I arrive at the restaurant ten minutes late. Make ’em wait, Gladys always says, and it’s Gladys I turned to today. On the phone, I told her about my nightmare of a lunch break, in which I came like the clappers and discovered what Guy is really like. But I also tell Gladys I’m going for dinner with an old friend. If I’d mentioned it was Henry, she’d have come round and tied me to a chair.
And, frankly, her instincts are pretty darn good.
Henry’s already at our table in one of his usual grey suits – although his shirt is an almost electric blue, which is really quite bold for him. I know it sounds rude, but I’m thrilled to see that he’s aged a little, his dirty blond hair a mixture of gold and grey. He’s got new glasses too – a trendier pair that are blockier than his old ones. I wonder if she chose them for him, that delectable slapper of his. Predictably, he’s doing the newspaper crossword when I arrive. As the waitress leads me over, I can see that he’s almost filled the whole lot in.
I feel a moment of longing, up close, followed by a sickness rising in my belly. I’m not sure I should be doing this. My gut tells me everything is wrong.
Wh
en he sees me, Henry rises to his feet, eyebrows raised, and dashes to greet me. Once up close, I stay stiff enough to discourage a hug, and he awkwardly squeezes my arm. ‘My dear, my dear,’ he says. ‘How wonderful to see you. Just wonderful.’
Immediately I’m reminded of his irritating tic. The man repeats almost every word he says. Dear God, it used to drive me to distraction.
‘Hello, Henry,’ I say, giving the sort of smile that a movie star gives the press.
He pulls out my chair for me and I can smell his familiar scents – aftershave, breath mints, the tang of his car’s air freshener.
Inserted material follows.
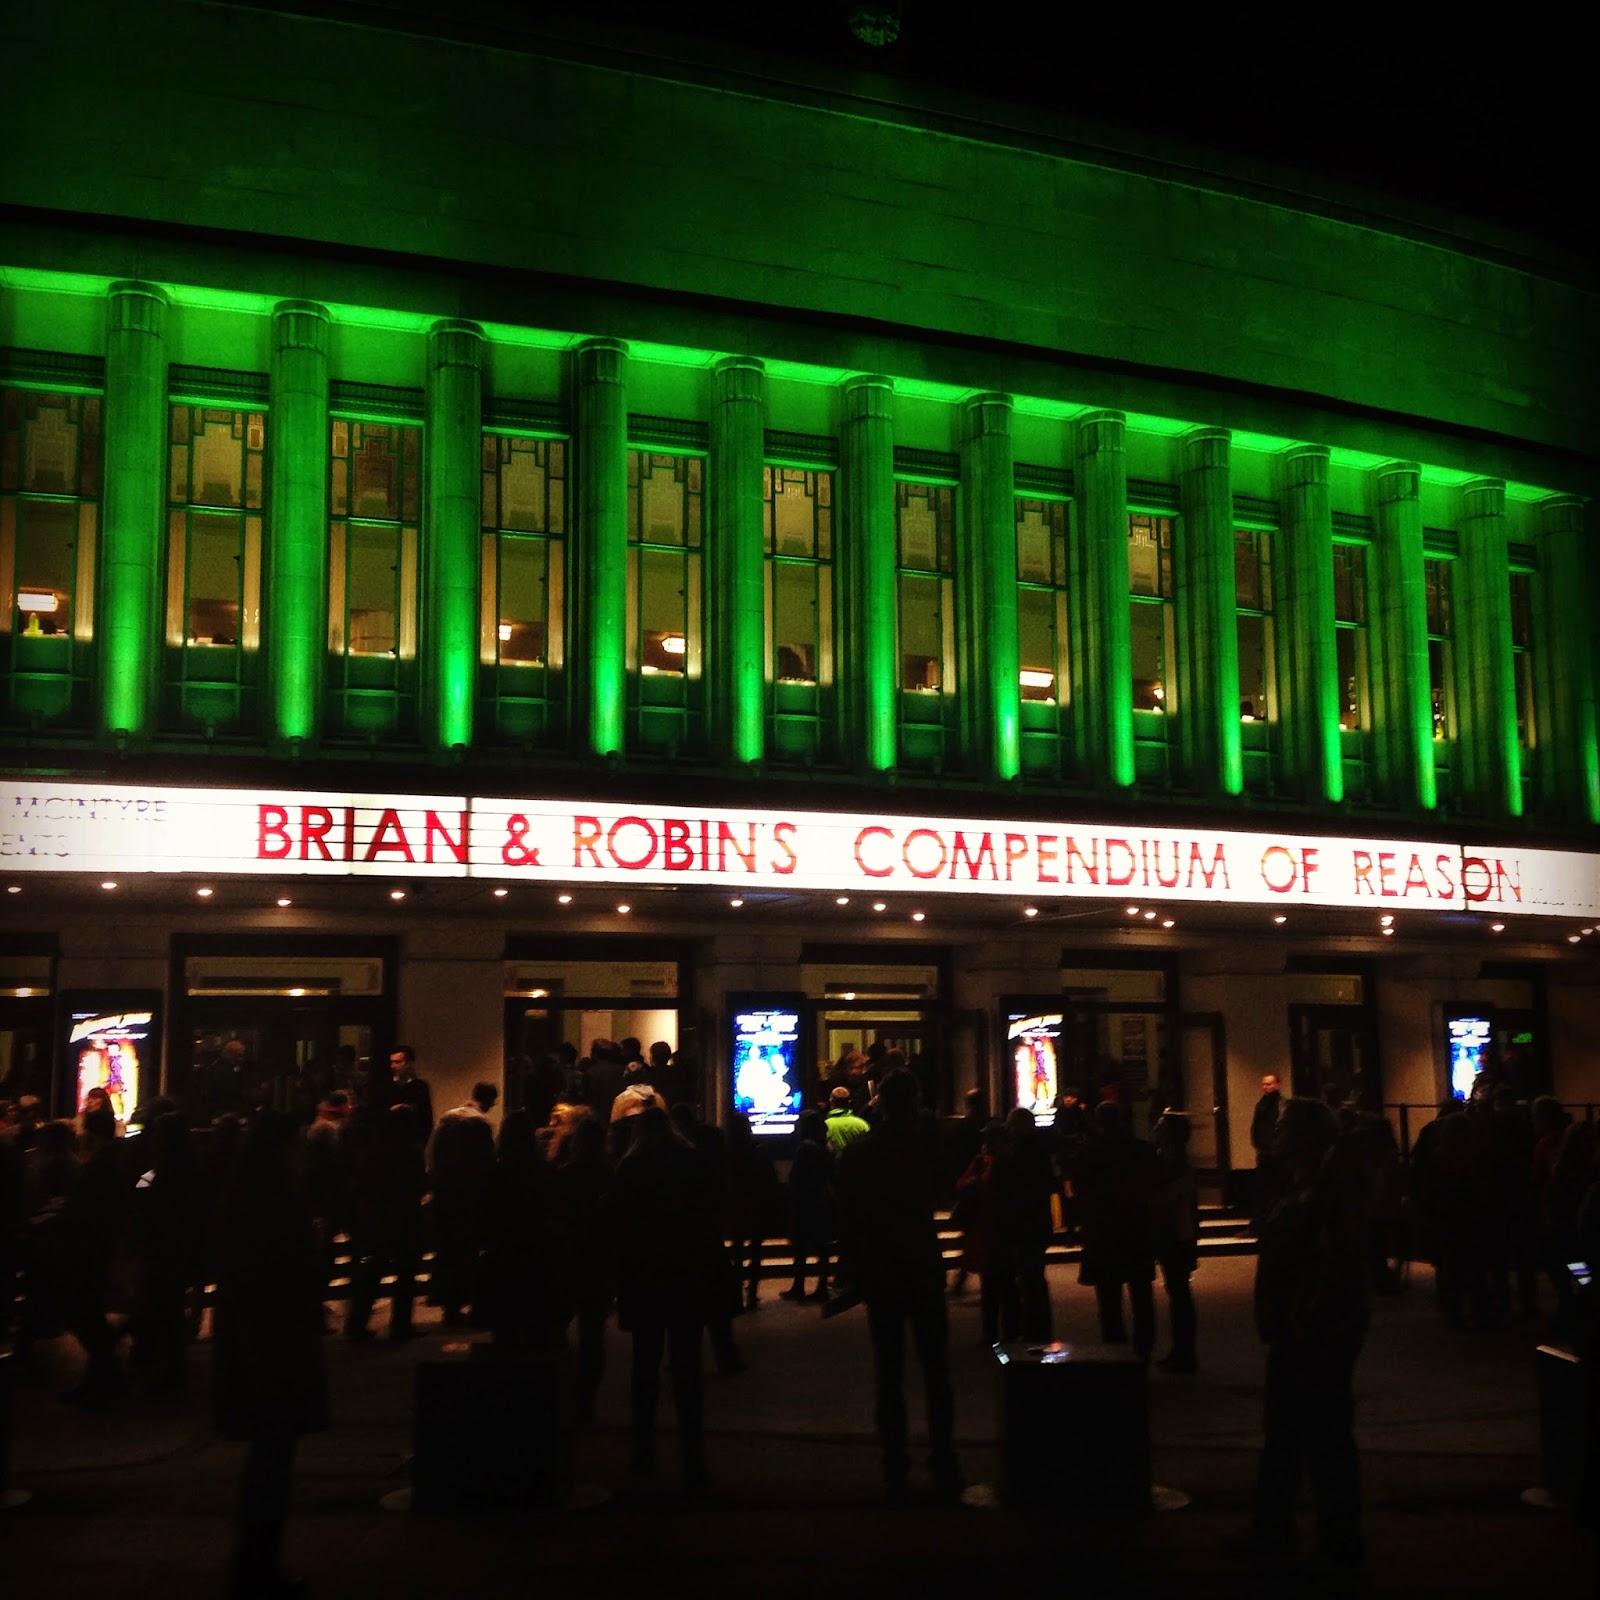 Brian & Robin's Christmas Compendium 2014 Hammersmith Apollo

A rush of memories gather me up, and I feel the strange, twisted memory of his body, and how it felt to lie in his arms, drunk on love, once upon a time. My poor insides feel raw when I think of it.
All the way to the restaurant I’ve been repeating affirmations: ‘I am happy without him …’ and ‘I deserve the best … Henry praises my strapless wine-red number with its lovely flared skirt. It’s the one Gladys says looks divine on me.
What he doesn’t notice, of course, is my pair of tiger-print stilettos. I don’t care if Guy bought them for me – they’re mine and, frankly, I earned them. But of course Henry was never interested in shoes.